WHAT IS A ‘STONE BABY’?
Lithopedion, which is Greek for ‘stone baby,’ is so rare that there are only around 300 cases of it documented in history.
Stone babies can occur as the result of an ectopic pregnancy, or a pregnancy where the fetus develops outside of the mother’s womb.
When this happens the deceased fetus has no way to leave the body.
Instead of allowing the fetus to rot inside the abdomen and expose the mother to potential infection, her body mummifies it.
Calcification is essentially an accumulation of salts the human body uses as a barrier against potential infection.
She added to doctors: ‘I will let you know when I am ready; I am not scared of death.’
Medics did eventually convince her to take antibiotics to help with her stomach complaints and pills to lower her blood pressure.
But she kept refusing surgery. At another appointment, she said: ‘I just do not have it in my heart to do.’
Some 14 months after her arrival in the US, she died from malnutrition.
Doctors could not say where the pregnancy took place in the body but they concluded that it was likely outside the uterus.
She was suffering from lithopedion, which can occur when a woman has an ectopic pregnancy, or one where the fetus develops outside the womb.
When the baby dies, it is too large for the body to re-absorb.
As a result, the immune system determines that the dead fetus poses a threat and launches an attack.
This leads to calcium-rich deposits being laid down on the fetus, gradually encasing it in a calcified shell or turning it to stone.
Fetuses in this state can be carried for up to 60 years inside bodies, medical literature says. They may trigger no symptoms and some women do not even realize that they are present.
In another example, a woman in Colombia ended up carrying a dead fetus for 40 years.
The 82-year-old originally thought she was suffering from a stomach bug.
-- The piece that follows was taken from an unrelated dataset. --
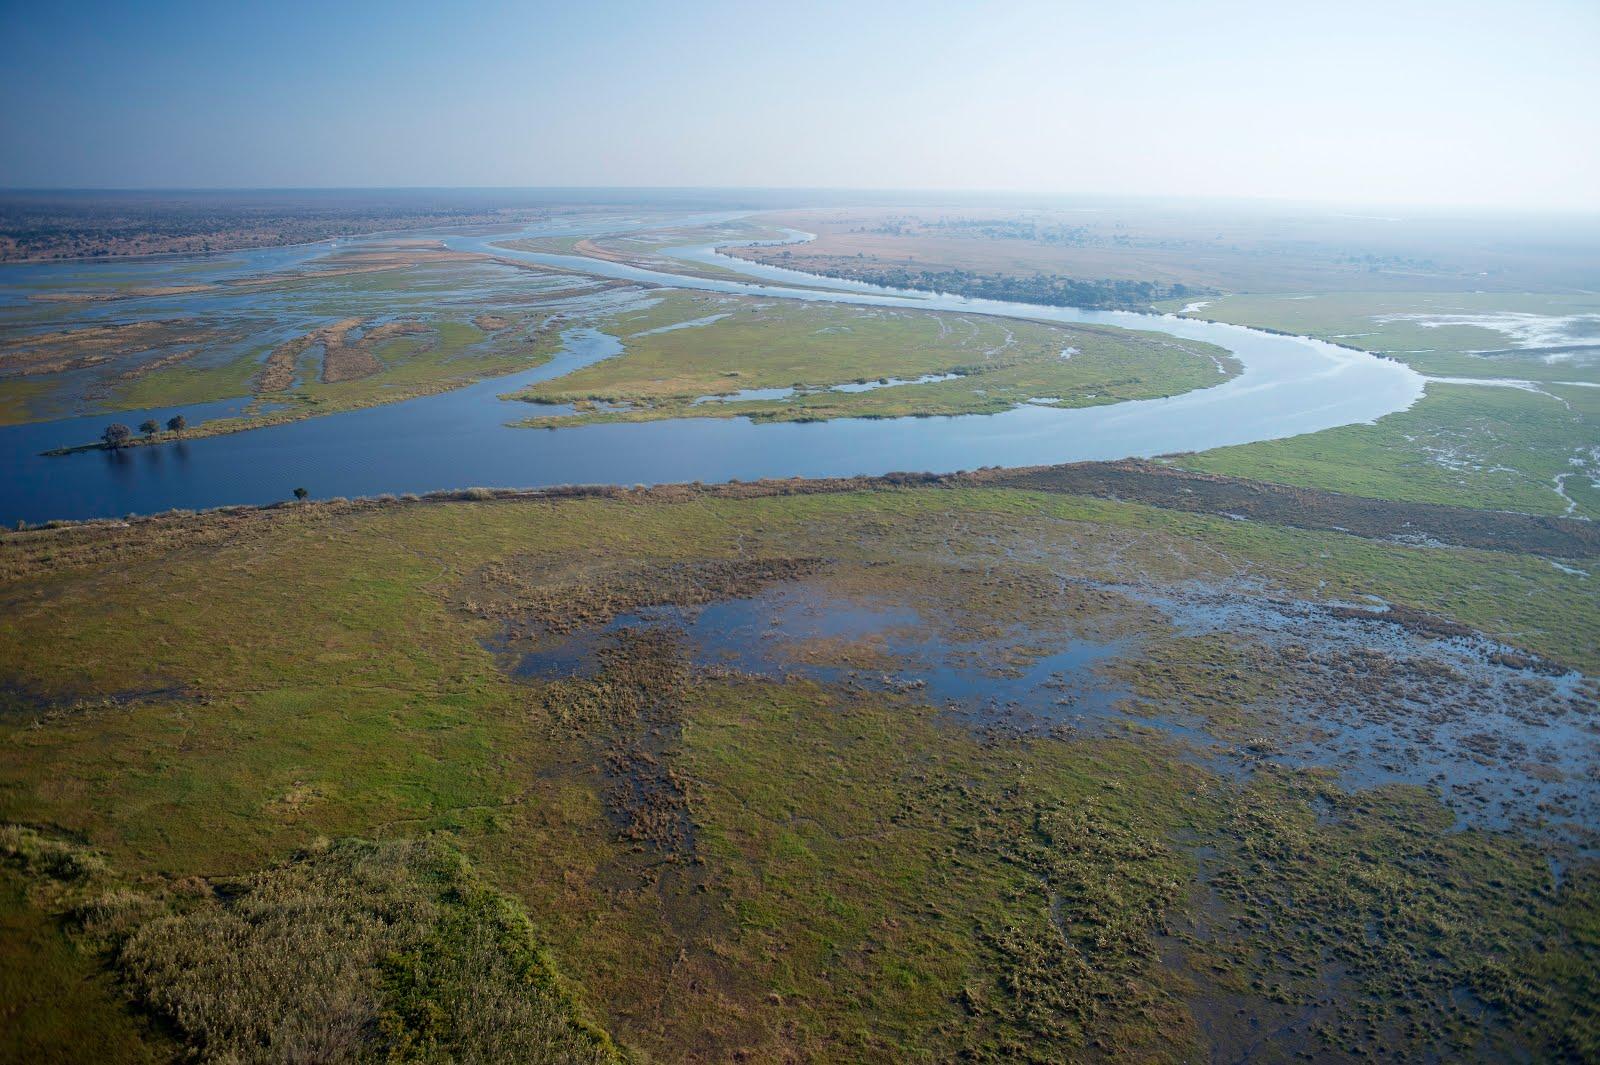 Project study site Chobe Botswana

But scans revealed the presence of the calcified fetus.
She then underwent surgery to have the dead fetus removed from her body.
Dr Kemer Ramirez at Bogota’s Tunjuelito Hospital said at the time: ‘This happens because the fetus does not develop in the uterus because it has moved to another place.
‘In this case, the abdominal part of the woman is not a viable (place) and this is what happened, a calcified fetus because the body is generating defense mechanisms and it is calcified until it stays there encapsulated.’
A separate case in 2015 was recorded when an elderly woman in Chile was found to have a 50-year-old fetus still inside her.
The woman, who was at least 90, was sent to hospital in the city of San Antonio after suffering a fall.
But X-rays revealed that she was also carrying a fetus, which weighed about 4.4lb (2kg).
Doctors described the fetus as ‘large and developed and occupied all of her abdominal cavity’.
It was not removed via surgery, with doctors ruling that this was too risky given the woman’s age.